**Given data**
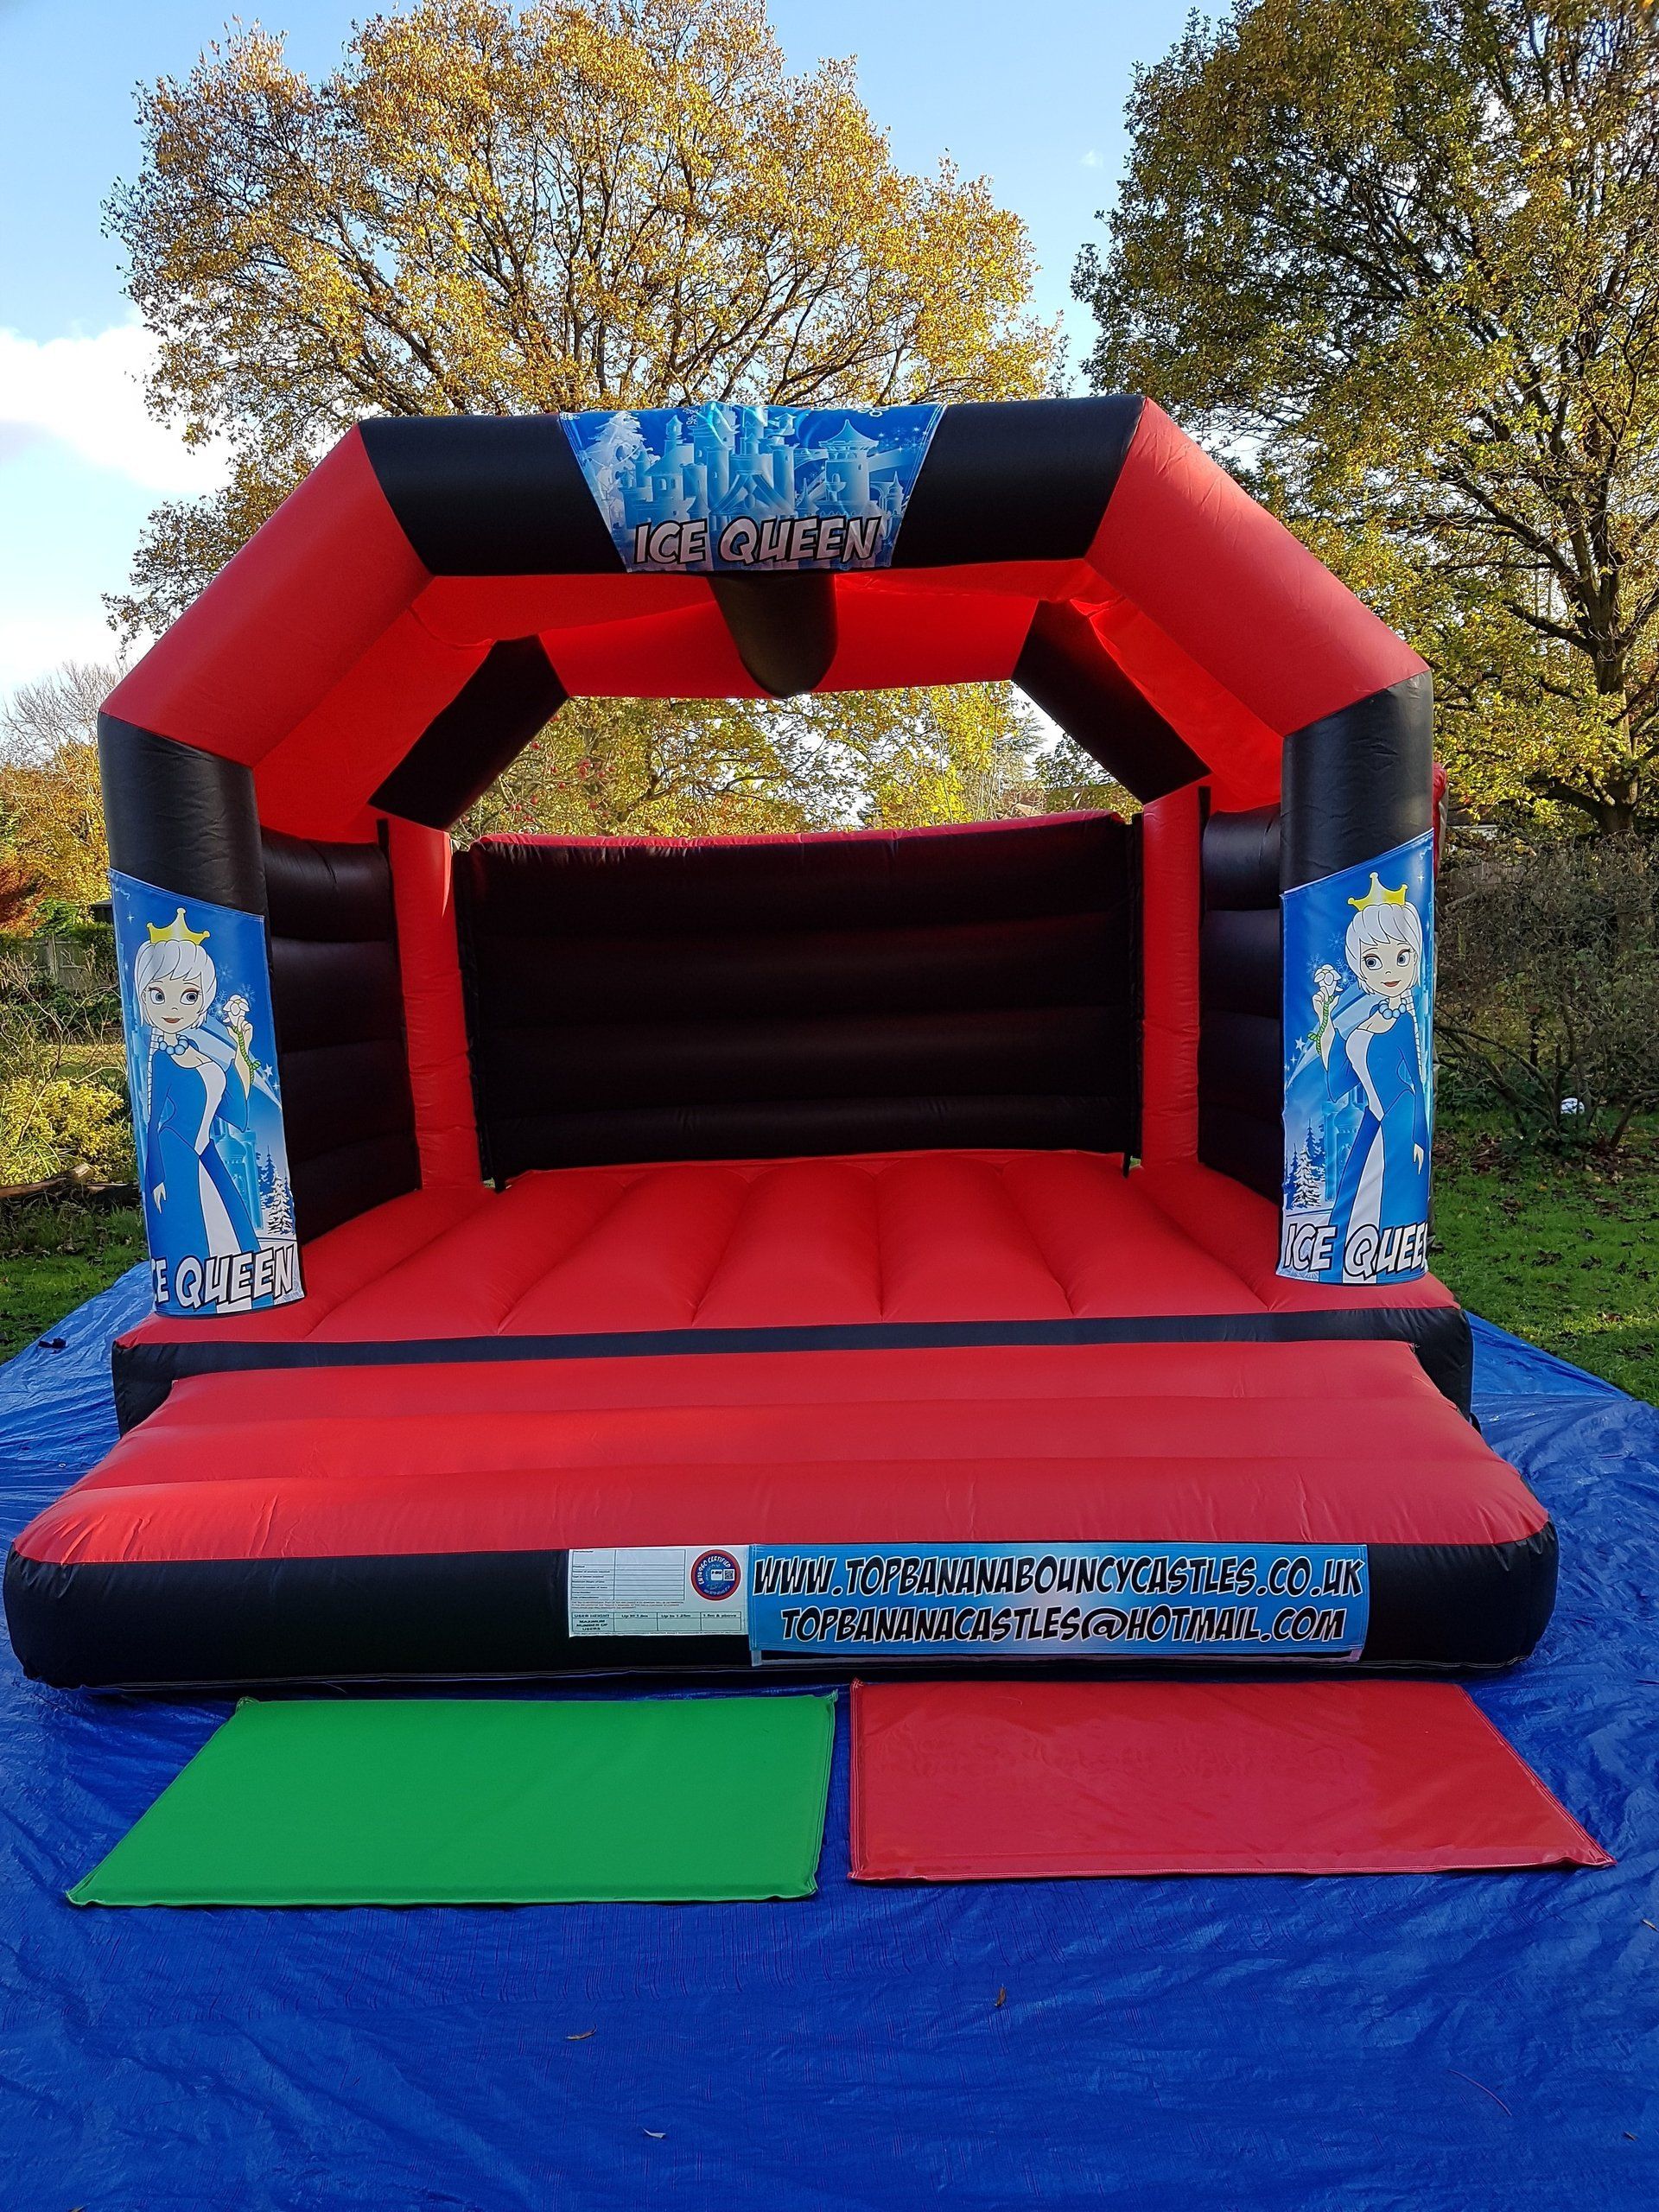 red and black adult bouncy castle with snow queen artwork
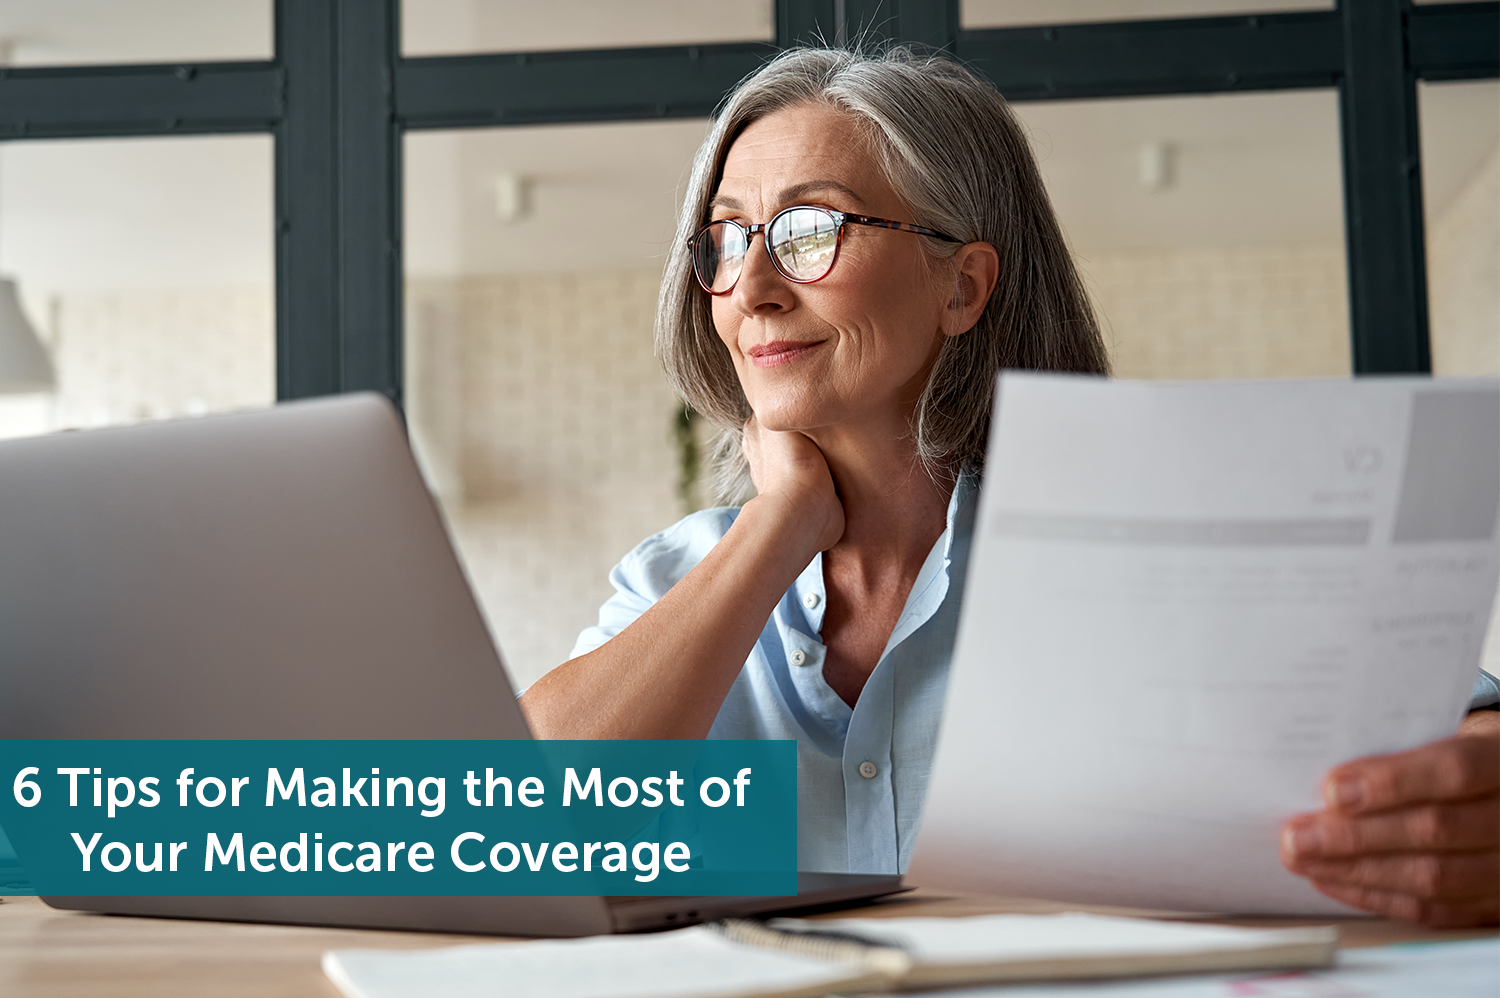 A senior woman looking at her computer and Medicare coverage, smiling.
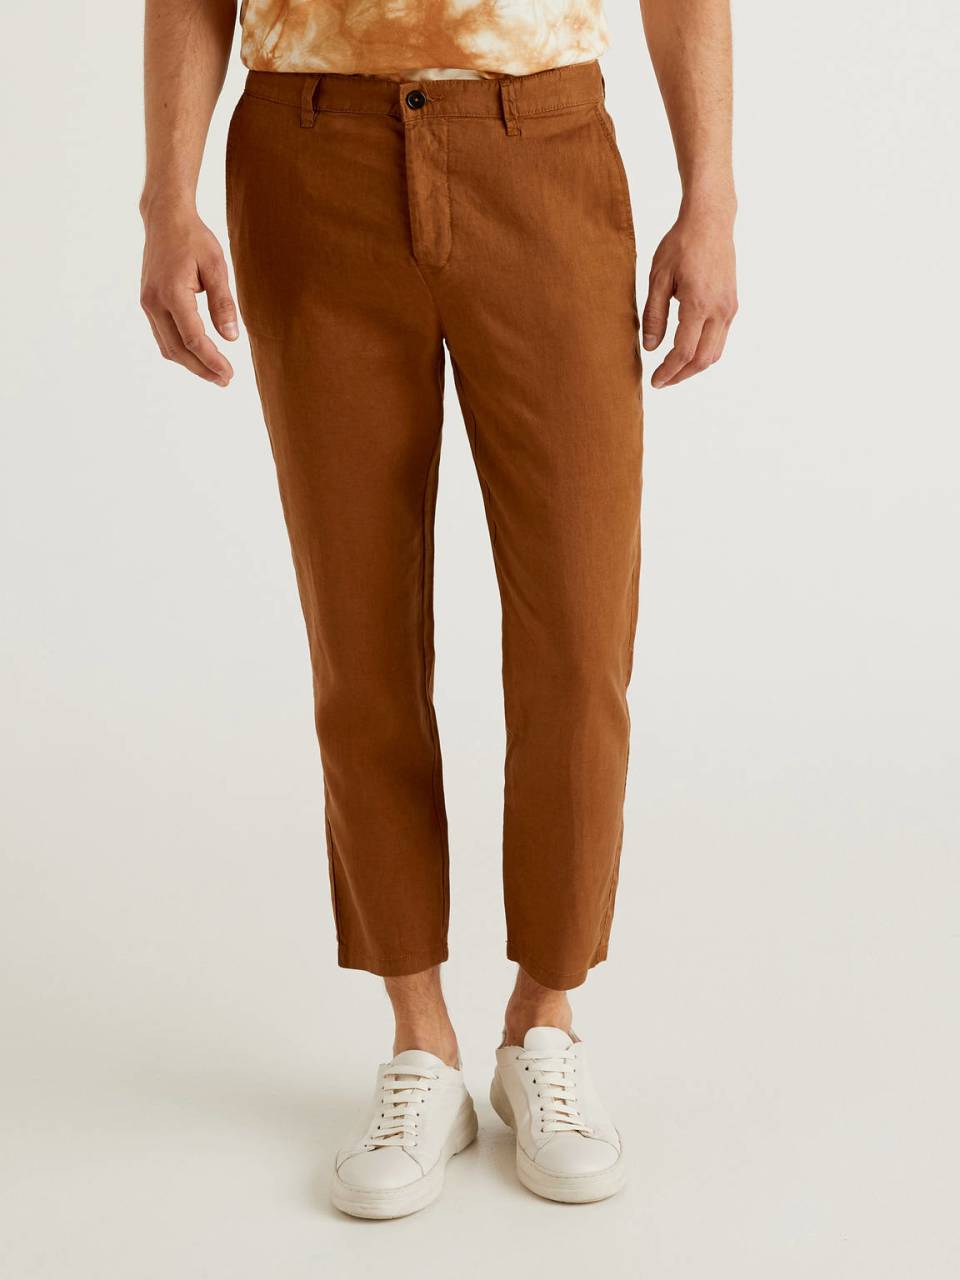 Benetton Chino pants in pure linen. 1

**Exercise details**
Only the pictures are to be dropped; all other material above must be repeated exactly.

**Response to this exercise**
 red and black adult bouncy castle with snow queen artwork
 A senior woman looking at her computer and Medicare coverage, smiling.
 Benetton Chino pants in pure linen. 1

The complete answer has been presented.